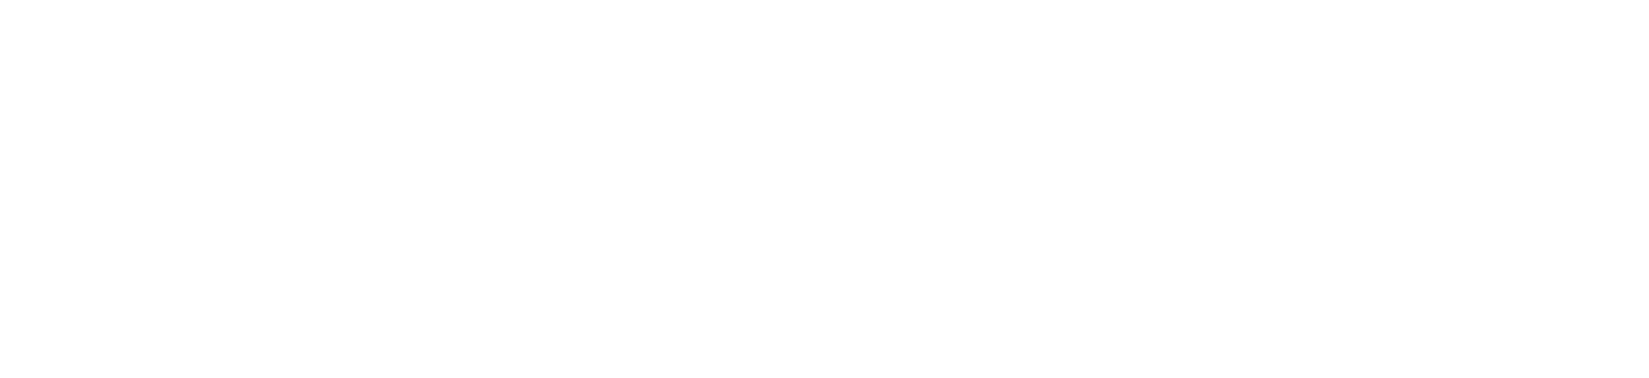 Boeing logo grand pour les fonds sombres (PNG transparent)
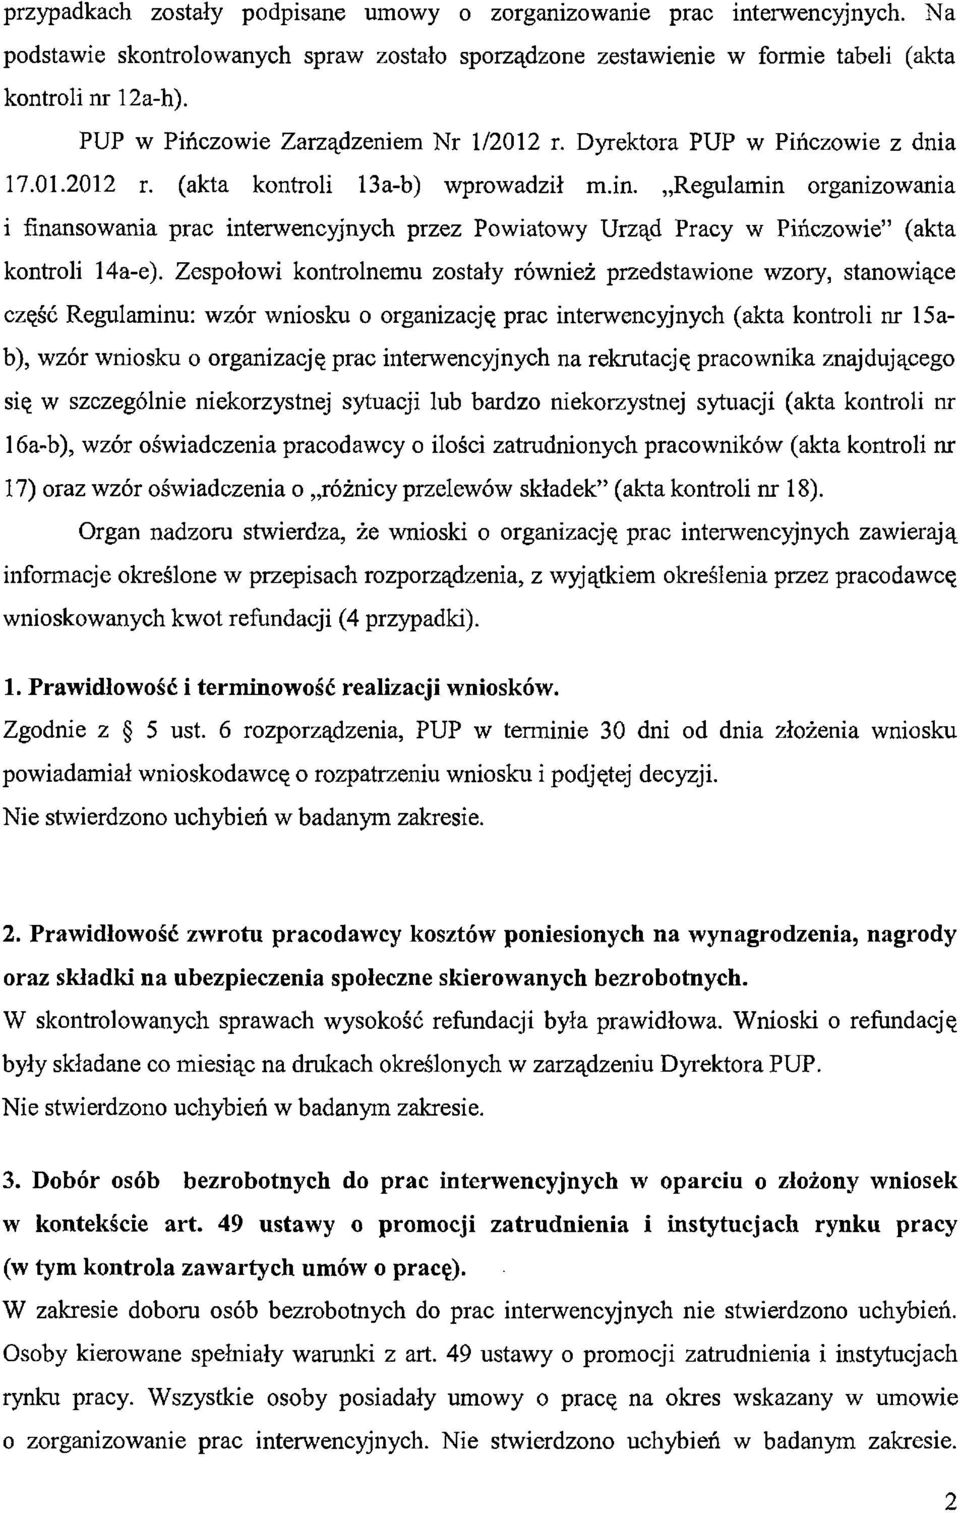 Regulamin organizowania i finansowania prac interwencyjnych przez Powiatowy Urząd Pracy w Pińczowie (akta kontroli 14a-e).
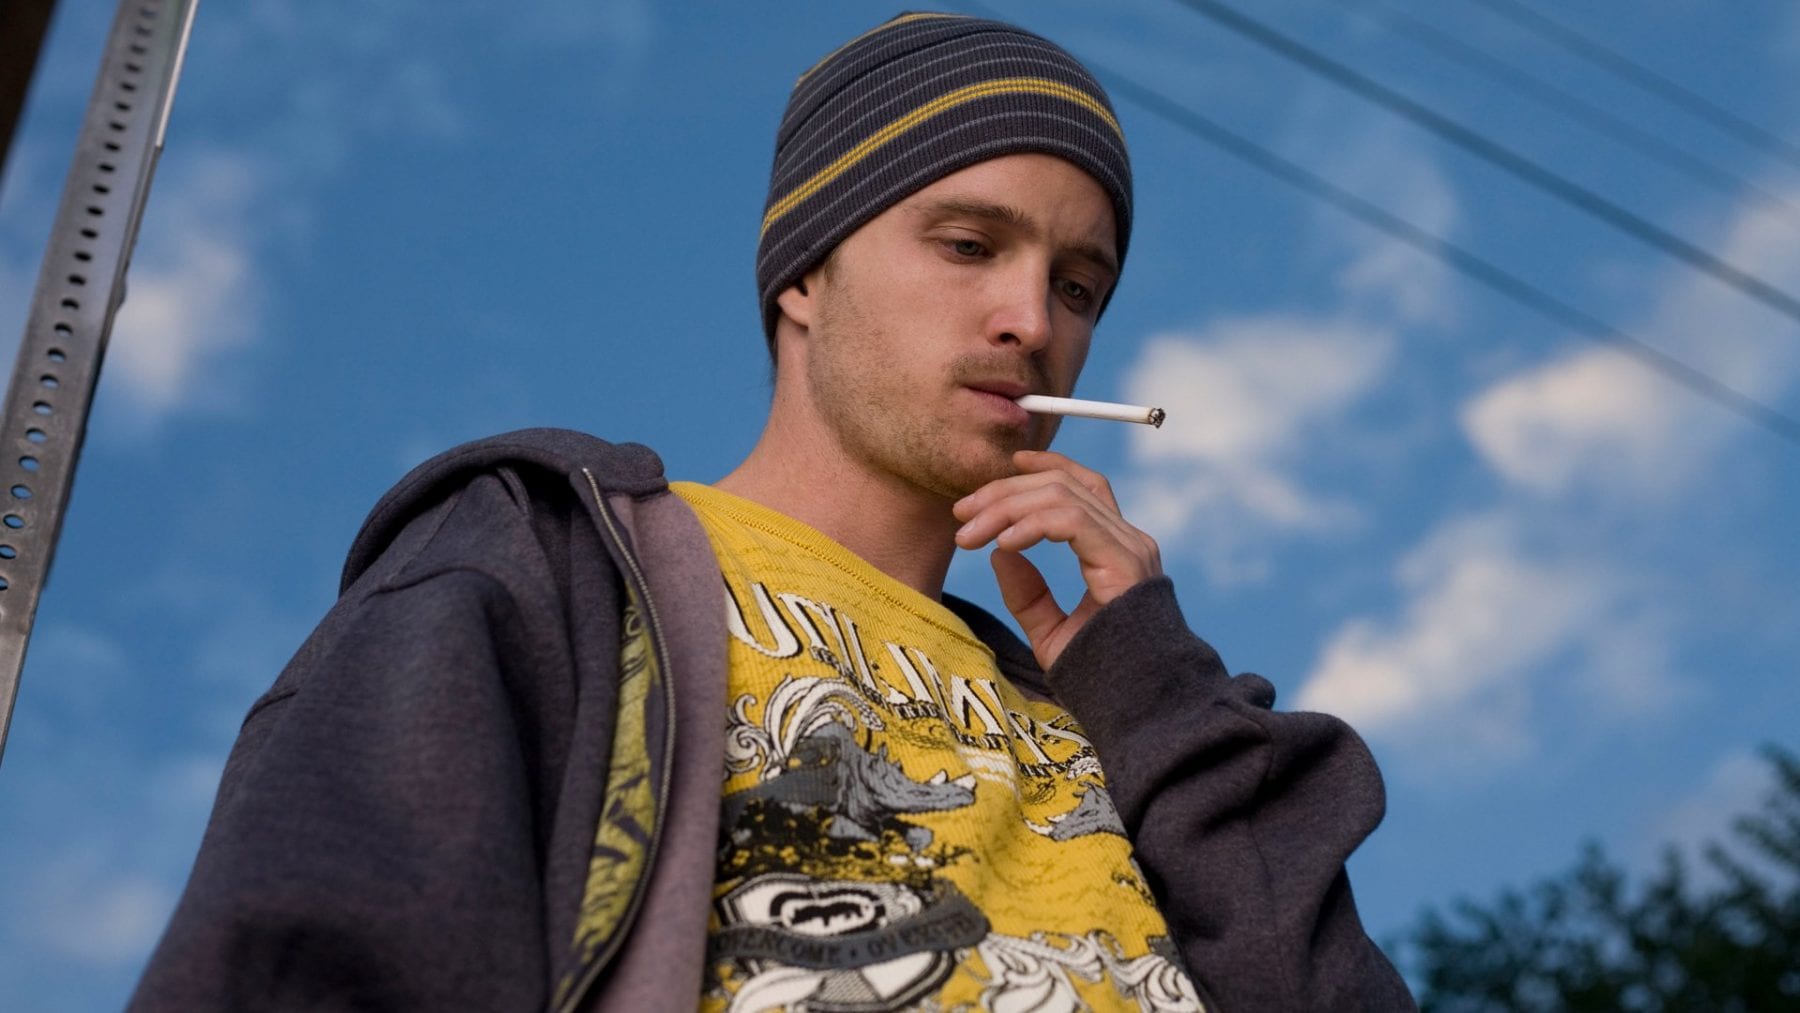 Jesse Pinkman smoking in Breaking Bad

▶ [EXERCISE BRIEF]: Each line above gets copied exactly; leave the pictures out.

▶ [EXPECTED ANSWER]:
 Boeing logo grand pour les fonds sombres (PNG transparent)
 Regulamin organizowania i finansowania prac interwencyjnych przez Powiatowy Urząd Pracy w Pińczowie (akta kontroli 14a-e).
 Jesse Pinkman smoking in Breaking Bad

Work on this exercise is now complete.